The only other important military operation of Narses which is recorded—and that indistinctly—is his defeat of the Herulian king Sindbal, who had served under him at Capua, but who subsequently revolted, was defeated, taken captive and hanged by the eunuch’s order (565). In the main the thirteen years after the battle of Capua (554–567) were years of peace, and during them Narses ruled Italy from Ravenna with the title of prefect.[1] He rebuilt Milan and other cities destroyed in the Gothic War; and two inscriptions on the Salarian bridge at Rome have preserved to modern times the record of repairs effected by him in the year 564.
His administration, however, was not popular. The effect of the imperial organization was to wring the last solidus out of the emaciated and fever-stricken population of Italy, and the belief of his subjects was that no small portion of their contributions remained in the eunuch’s private coffers. At the close of 565 Justinian died, and a deputation of Romans waited upon his successor Justin II., representing that they found “the Greeks” harder taskmasters than the Goths, that Narses the eunuch was determined to reduce them all to slavery, and that unless he were removed they would transfer their allegiance to the barbarians. This deputation led to the recall of Narses in 567, accompanied, according to a somewhat late tradition, by an insulting message from the empress Sophia, who sent him a golden distaff, and bade him, as he was not a man, go and spin wool in the apartments of the women. “I will spin her such a hank,” Narses is represented as saying, “that she shall not find the end of it in her lifetime”; and forthwith he sent messengers to the Lombards in Pannonia, bearing some of the fruits of Italy, and inviting them to enter the land which bore such goodly produce. Hence came the invasion of Alboin (568), which wrested the greater part of Italy from the empire, and changed the destinies of the peninsula.[2]

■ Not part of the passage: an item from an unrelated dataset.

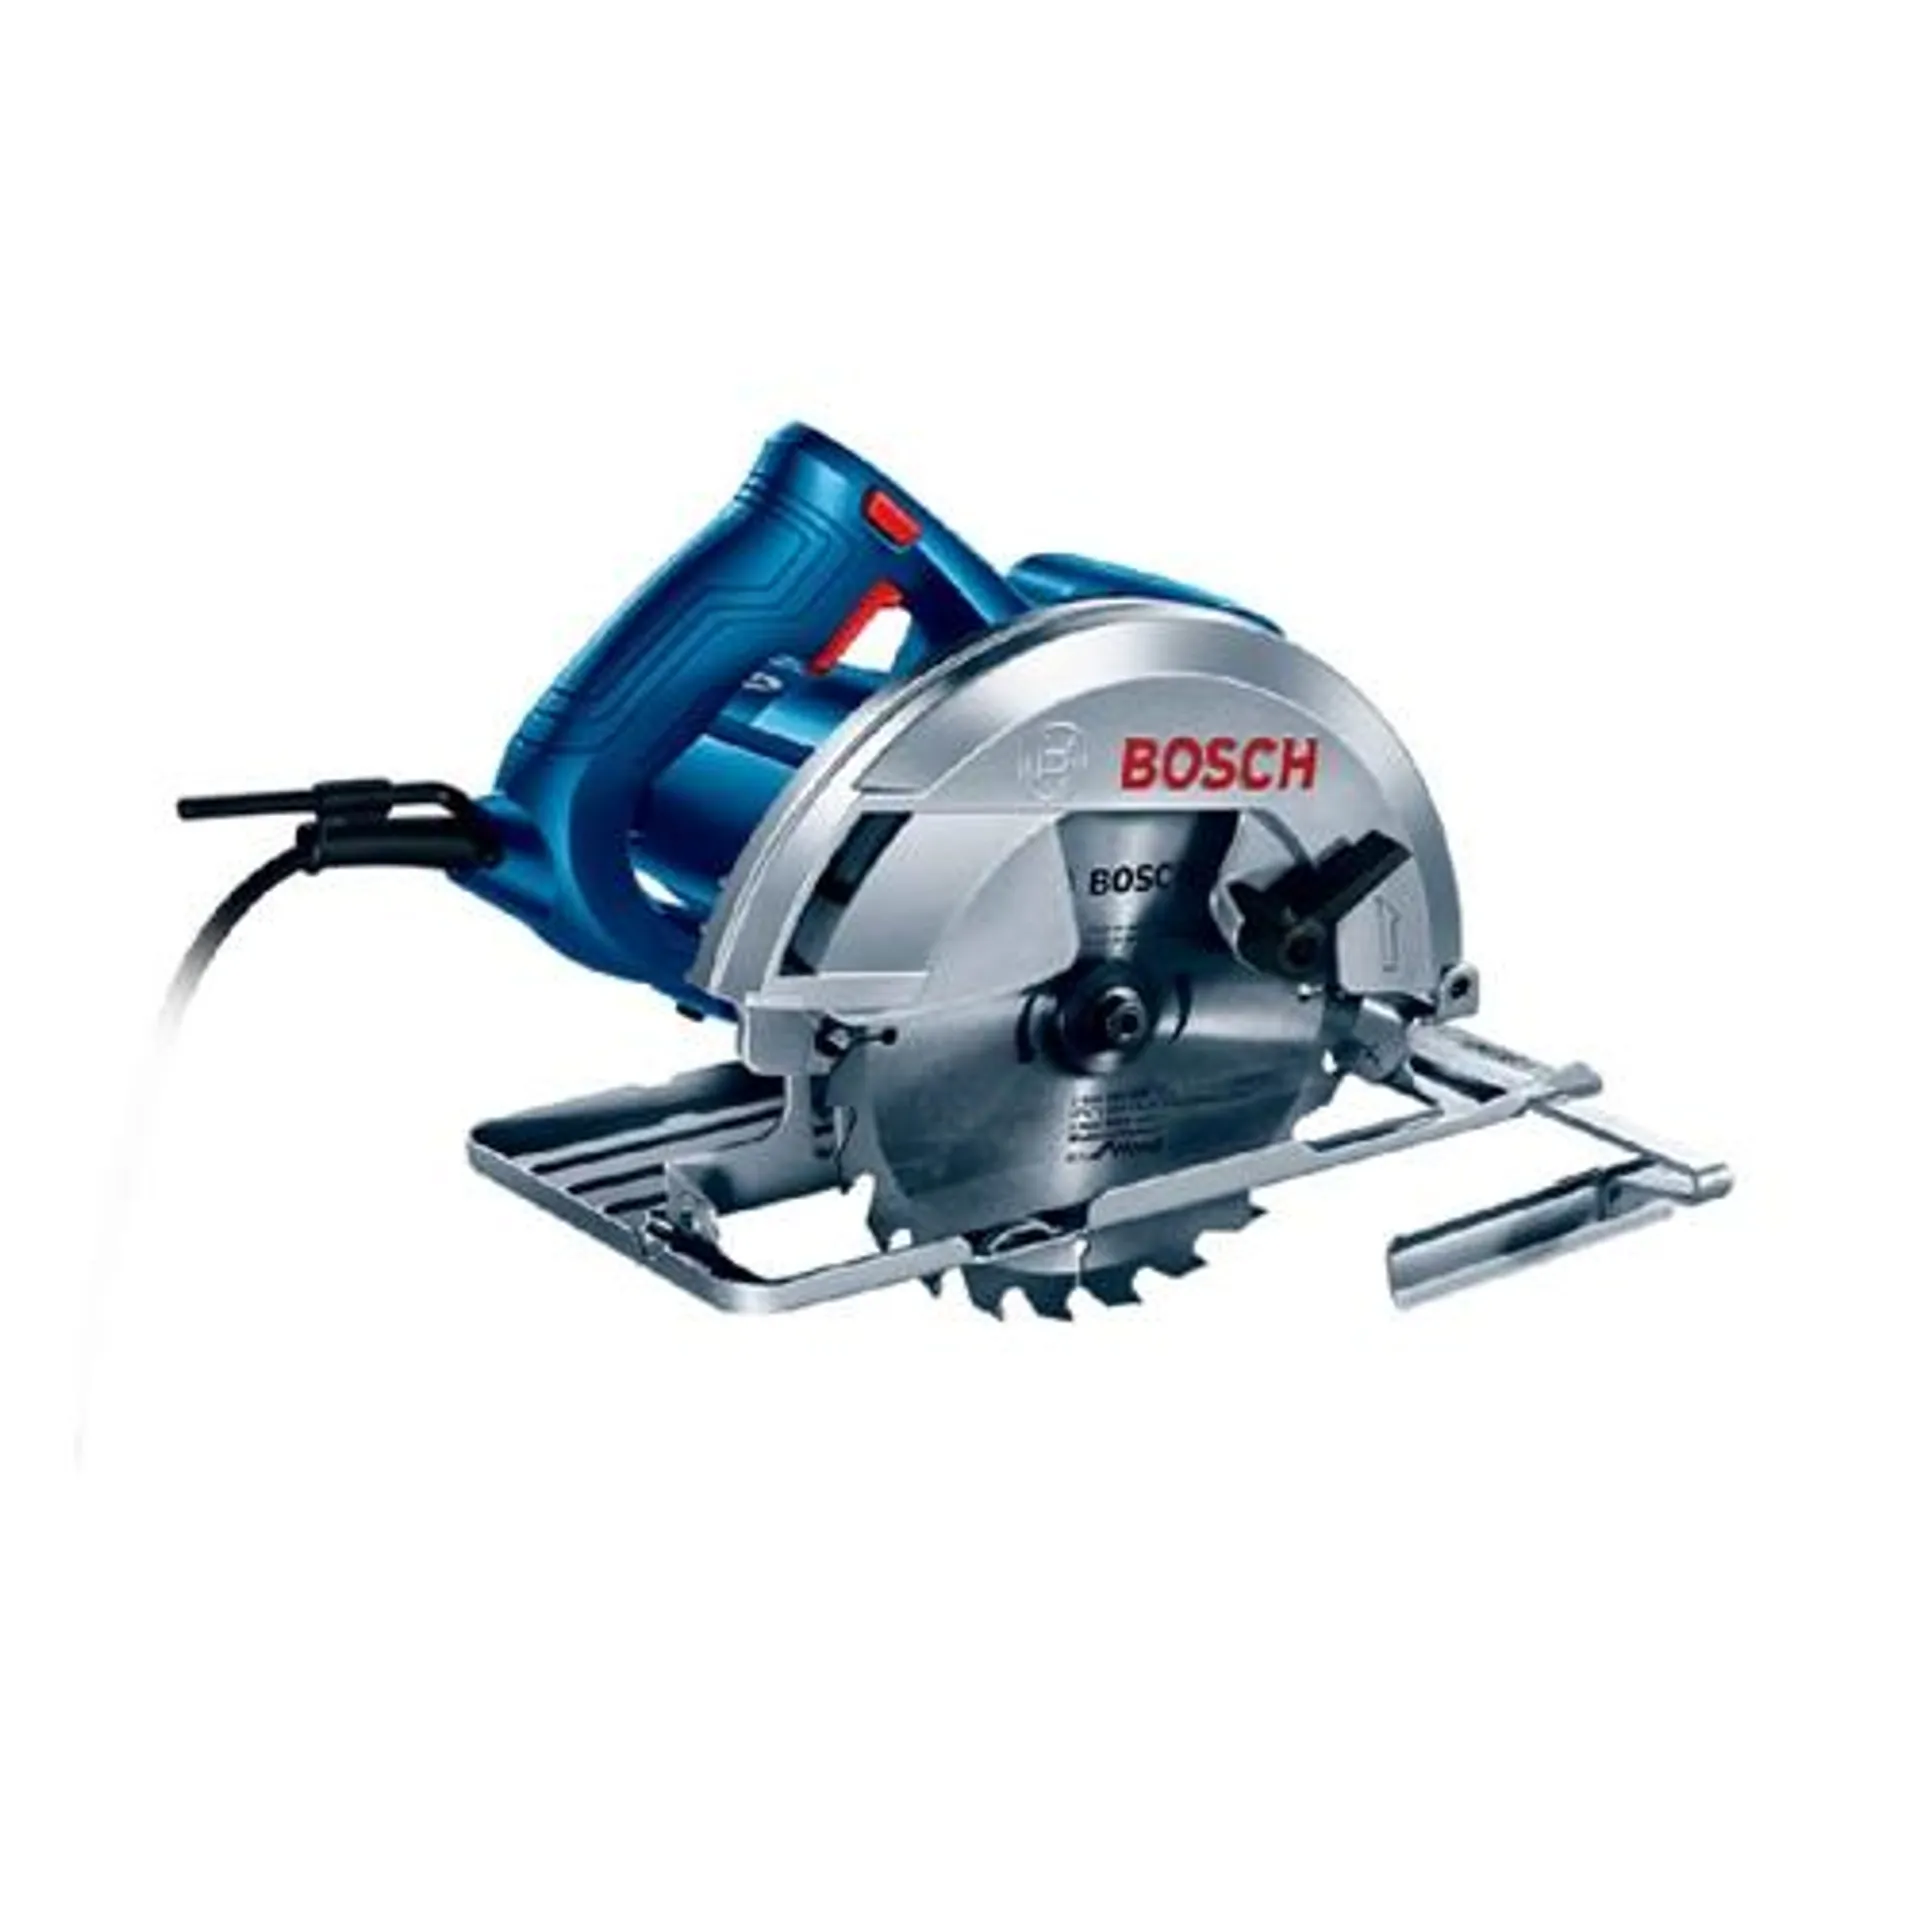 Serra Circular Bosch Gks 150 1500W

Narses, who had retired to Naples, was persuaded by the pope (John III.) to return to Rome. He died there about 573, and his body, enclosed in a leaden coffin, was carried to Constantinople and buried there. Several years after his death the secret of the hiding-place of his vast stores of wealth is said to have been revealed by an old man to the emperor Tiberius II., for whose charities to the poor and the captives they furnished an opportune supply.
Narses was short in stature and lean in figure. His freehandedness and affability made him very popular with his soldiers. Evagrius tells us that he was very religious, and paid especial reverence to the Virgin, never engaging in battle till he conceived that she had given him the signal. Our best authorities for his life are his contemporaries Procopius and Agathias. See Gibbon, Decline and Fall, vols. iv. and v., edited by J. B. Bury (1898). (T. H.)

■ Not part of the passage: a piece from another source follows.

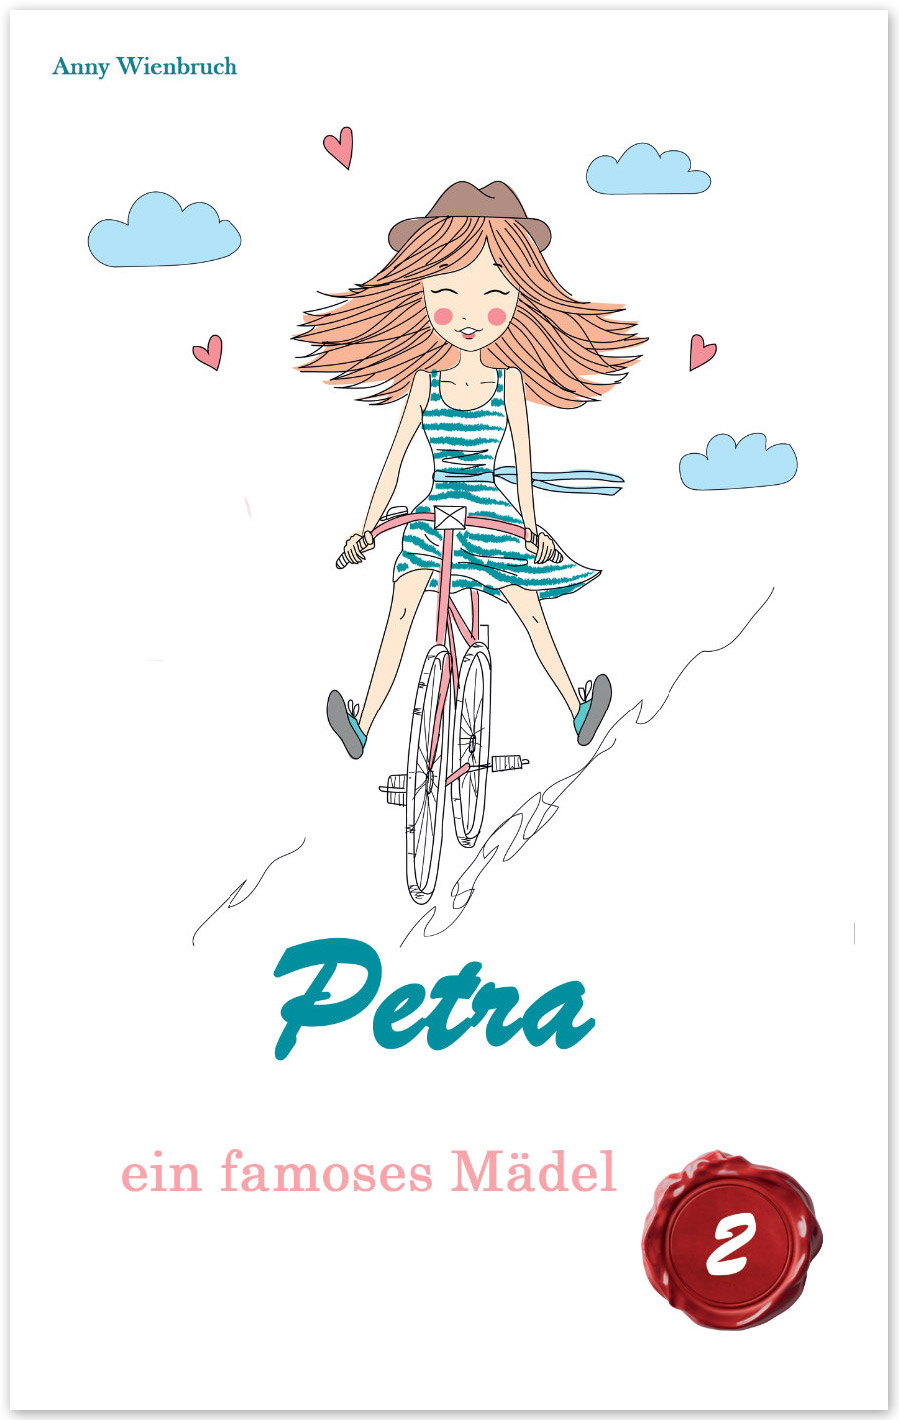 Petra - ein famoses Mädchen

- ↑ Gibbon’s statement that Narses was “the first and most powerful of the exarchs” is more correct in substance than in form. The title of exarch does not appear to be given to Narses by any contemporary writer. He is always “Praefectus Italiae,” “Patricius” or “Dux Italiae,” except when he bears the style of his former offices in the imperial household, “Ex-Praepositus [Cubiculi]” or “Chartularius.”
- ↑ This celebrated story seems to be unknown to strictly contemporary authors. We find no hint of it in Agathias (who wrote between 566 and 582), in Marius (532–596), or in Gregory of Tours (540–594). The possibly contemporary Liber Pontificalis and Isidore of Seville (560–636) hint at the invitation to the Lombards. Fredegarius (so-called), who probably wrote in the middle of the 7th century, and Paul the Deacon, towards the close of the 8th, supply the saga-like details, which become more minute the farther the narrators are from the action. On the whole, the transaction, though it is too well vouched for to allow us to dismiss it as entirely fabulous, cannot take its place among the undoubted facts of history.